Instructions to deploy YOLOv7 as TensorRT engine to Triton Inference Server.

This Repo use exported Yolov7 Models ONNX to Generate TensorRT Engine.

Users can either build ONNX files themselves or simply utilize the start-container-triton-server.sh script to initiate the container and use start-triton-server.sh to download the models, generate the TRT engine, and start the Triton Server.

This repository is a continuation of philipp-schmidt work in the repository https://github.com/WongKinYiu/yolov7/tree/main/deploy/triton-inference-server.

Exporting from PyTorch (YOLOv7 FP16) to ONNX With Efficient NMS plugin

This repo does not export pytorch models to ONNX.
You can use the Yolov7 Repository or the Yolov7 Docker Image for your convenience.

python export.py --weights yolov7.pt \
  --grid \
  --end2end \
  --dynamic-batch \
  --simplify \
  --topk-all 100 \
  --iou-thres 0.65 \
  --conf-thres 0.35 \
  --img-size 640 640

Exporting from PyTorch (YOLOv7 QAT ) to ONNX With Efficient NMS plugin

This repo does not export pytorch models to ONNX.
You can use the Yolov7 QAT Repository or the Yolov7 Docker Image for your convenience.

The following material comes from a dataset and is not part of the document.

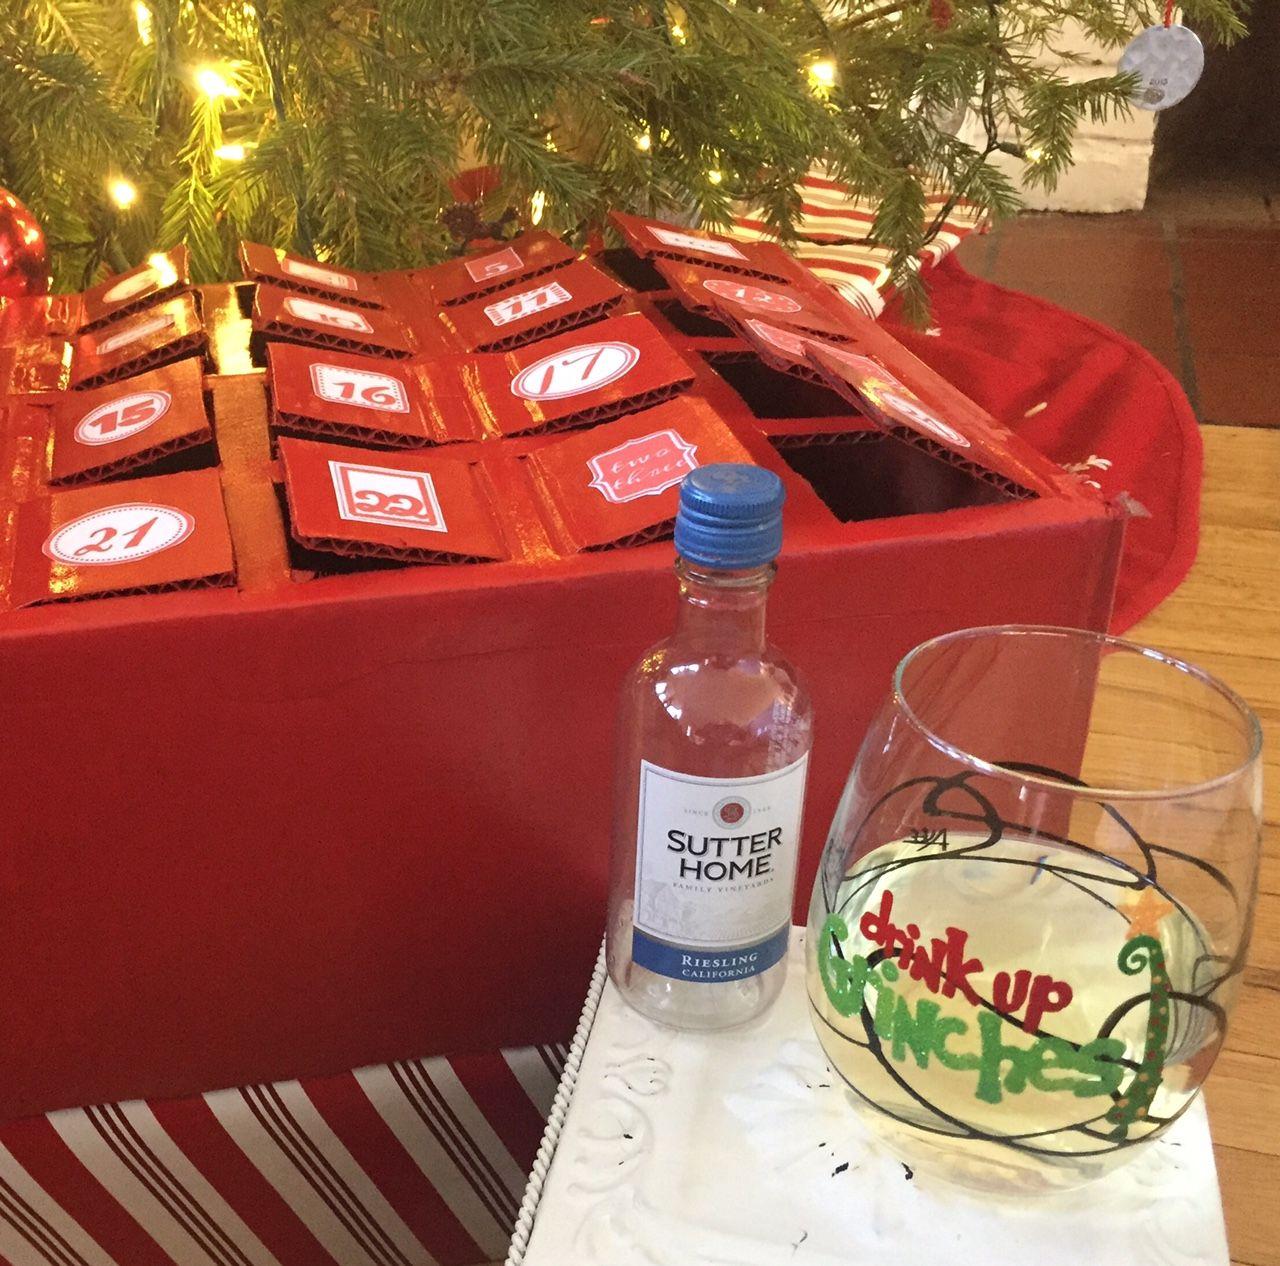 Diy Wine Advent Calendar Box With Festive Amanda Lee Glassware Glass Wine Advent Calendar Advent Calendar Boxes Diy Wine
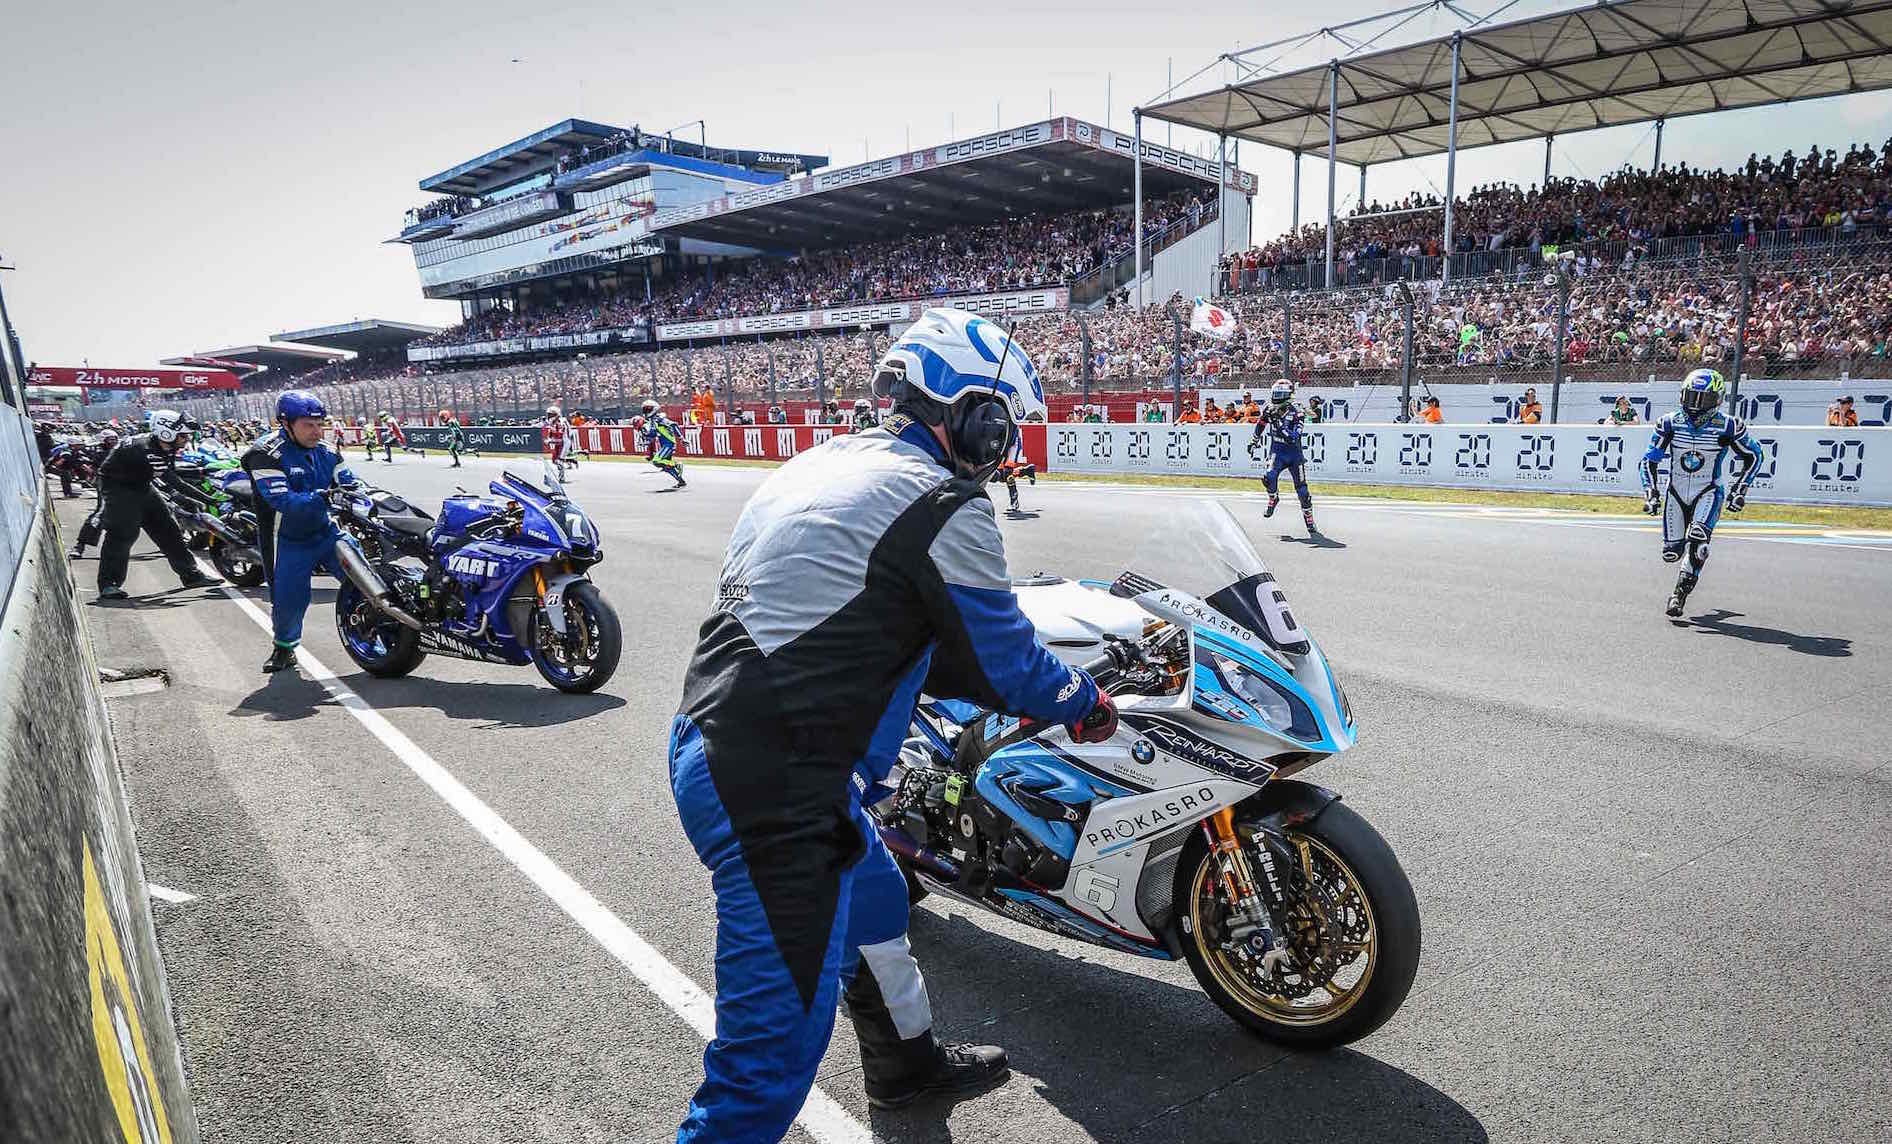 24 Heures Motos 2020 Fim Ewc Endurance World Championship

python scripts/qat.py export qat.pt \
  --save=qat.onnx \
  --dynamic \
  --img-size 640 \
  --end2end \
  --topk-all 100 \
  --simplify \
  --iou-thres 0.65 \
  --conf-thres 0.35

Running NVIDIA Triton Inference Server Container with Docker

Usage

bash ./start-container-triton-server.sh

Run this script to start the Triton Inference Server container.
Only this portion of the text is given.